As you know, I am deeply involved in the LA County contract campaign and our recent strike for Child Safety.  It’s worth noting that on the same day that the LACERA Board of Investments saved the County hundreds of millions of dollars, the County resumed bargaining with children’s social workers and eligibility workers. They settled a few days later.
While the LACERA victory is not responsible for the strike’s success – the sacrifice of our members over the duration of the strike for child safety is the primary factor – the fact that the County would not have to spend hundreds of millions of dollars was a huge benefit for them. It certainly did not hurt. 
SEIU 721: What did it take to win this vote?
David: It took a lot of education. First on my part. I was first elected to the Board in 2011. My main opponent was a sitting trustee who had tried to lower the assumed rate of return despite the County’s warning that doing so would lead to layoffs and furloughs. I made it my mission to learn as much as I could about the fund. So when the actuaries proposed another lowering of the rate, I was prepared to ask hard questions on behalf of the long term interests of the fund, the employer and plan participants.
SEIU 721: It sounds like retirement security is an issue that is very important to you. We know you are the also the chair of the Local’s Secure Retirement Committee. What can other members who want to get involved do?
David: That’s a great question. The work of the committee is expanding.
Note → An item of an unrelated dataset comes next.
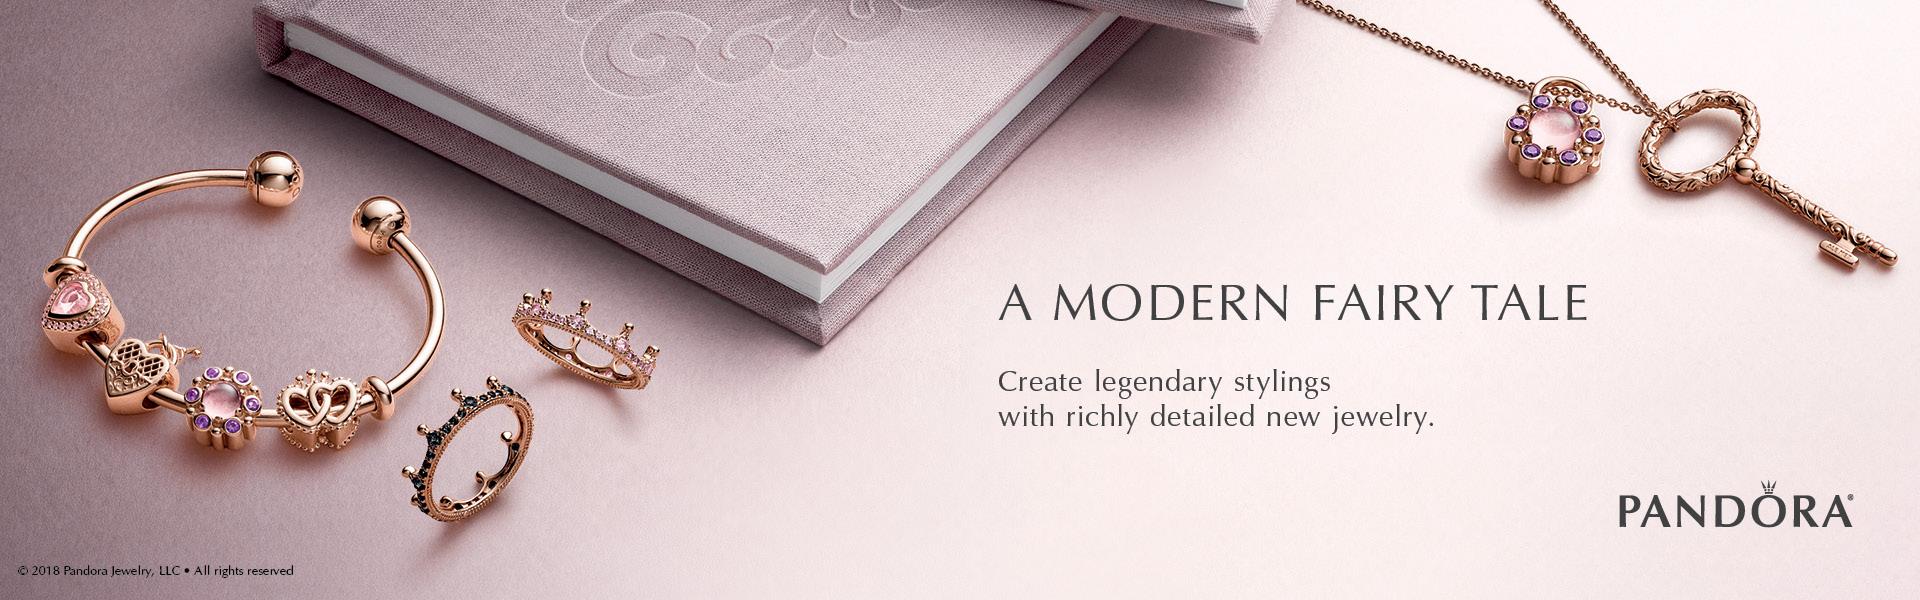 Pandora A Modern Fairy Tale

There’s lot’s to do. The first step for any member who wants to get more involved is to come to our monthly meeting at the Local. We meet the second Tuesday of every month.
SEIU 721: Fantastic! What’s on the agenda for 2014?
David: Next year our Secure Retirement program will advocate that LACERA and other funds look at its fee structure to limit large payouts to outside managers.  We will need member support to help monitor LACERA investments to make sure they support a healthy economy – for Main Street, not just Wall Street. We know that the most important factor in LACERA’s long term health is a vibrant economy in our communities, our state and our nation.